El último deber (Hal Ashby)

Un canto sincero a la bandera norteamericana. Alguien lo hace con devoción entre las filas de la Marina estadounidense. Es un hecho posible, aunque los tres protagonistas de esta historia no lo hagan en la entonación adecuada. Demasiado cabreados. Demasiado borrachos. Demasiado conscientes de las carencias que les han llevado a esa situación en la que se convierten en «el extraño trío». Son los setenta y con eso se justifica todo. El canallismo con el que se trataba cualquier tema se ha difuminado con el tiempo, demasiada corrección como para jugársela con las verdades subjetivas, con improperios a golpe de metralleta dialéctica… con mala leche, en definitiva, que nos invita a sacar una media sonrisa.

Este es El último deber. El que obliga a Jack Nicholson —con bigote— y Otis Young —más comedido y hambriento— a encauzar un «encargo» laboral, ese que nadie quiere asumir —a base de insultos intentan rechazar la invitación— que denosta a la propia Marina por lo insignificante del hecho y lo severo de la consecuencia. Un joven enorme condenado a lo grande por un nimio robo en la caja equivocada. Todos sabemos que no hay que meter la mano en el monedero de la abuela, está feo.

Todo el mundo conoce a Hal Ashby por la ya convertida en película de culto Harold y Maude, pero un par de años más tarde adaptó la novela de Darryl Ponicsan, The Last Detail, donde con humor y conciencia trata un tema interno desde el exterior. Es algo sencillo, coge tres aliados navales y los saca de ese cubículo donde habitan como militares, para que poco a poco les conozcamos, separando su imagen del uniforme, y su mente del bien establecido por el estatus de su empleo.

Los setenta eran una buena época para cuestionar cualquier tema que, en realidad, todavía sigue sin bases firmes. Con el peso de Vietman sobre los hombros de la sociedad, este viaje a tres bandas no dejaba de lado sus secuelas ya más que visibles junto a temas como el racismo, la familia o la soledad, dejando trazas del fatalismo en una historia de situaciones y trenes y debilidades que se convierte en indispensable.

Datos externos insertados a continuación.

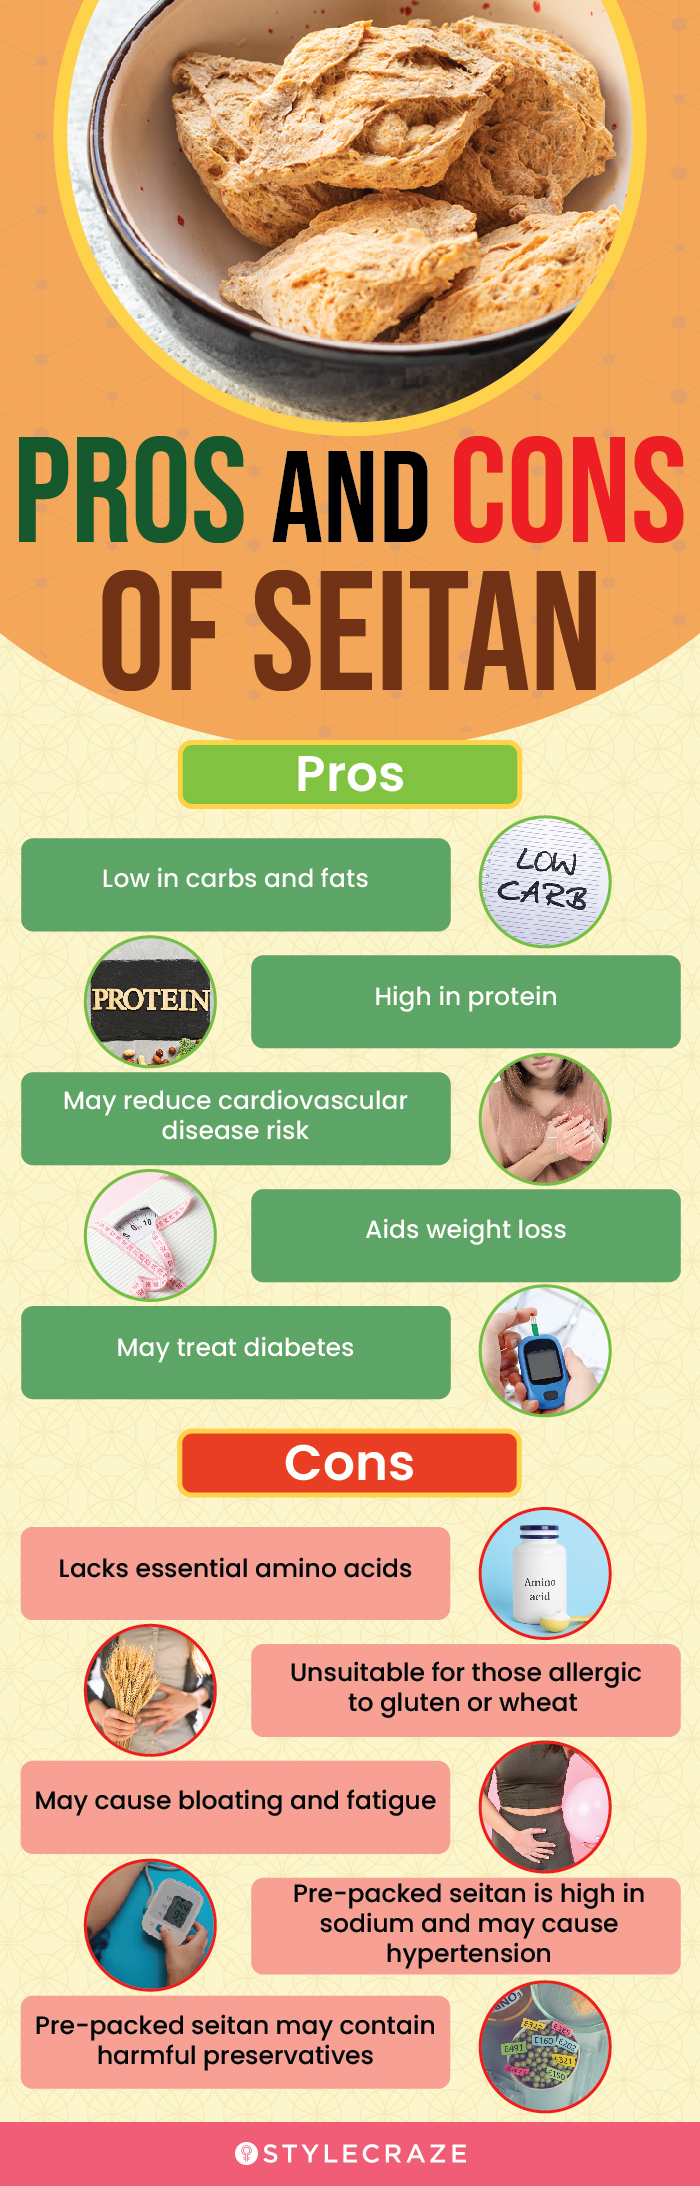 pros and cons of seitan (infographic)

Porque el poso está ahí, pero lo que más luce en El último deber es el humor más oscuro. Una semana les separa de una justicia extraña, y el joven que deben escoltar al otro lado del país de las oportunidades les ha caído en gracia. En un jovencísimo Randy Quaid recae la responsabilidad de crecer durante estos días descritos como «los mejores de mi vida», sabiendo todos que no ha tenido oportunidad de disfrutar de otros. La cara de la «vida» que le ofrecen sus superiores es sencilla pero tremendamente expresiva. El primer alcohol, el primer cuerpo desnudo, el primer hare krishna, el manual perfecto para convertir a alguien en hombre con la parcial y única visión de la testosterona; cualquier error cometido con respaldo es una de esas pequeñas cosas que se realizan por derecho y que transforman el camino desde A hasta B en una batalla divertidísima. Por supuesto Jack Nicholson le saca un partido único a su Badass, dejando claro que no hay que aprender de los mejores, solo hacer que todo suceda para aprender algo.

Las micro-aventuras que dan forma a la película vienen orquestadas por convenientes marchas militares que siempre desentonan con la situación, siendo siempre El último deber un arma de doble filo, donde la camaradería es imprescindible para comprender individualmente a cada personaje y generalizando la humanidad de sus actos. La imperfección de estos tres hombres nos lleva a una deriva que rompe siempre la barrera de lo normativo, acumulando kilómetros de humo —guardemos respetuoso silencio por aquellos tiempos en que fumar era placer fílmico y no una borrosa arma del mal— e incongruencias burocráticas que no hacen más que afinar la disputa contra lo establecido de tres perdedores vestidos de azul.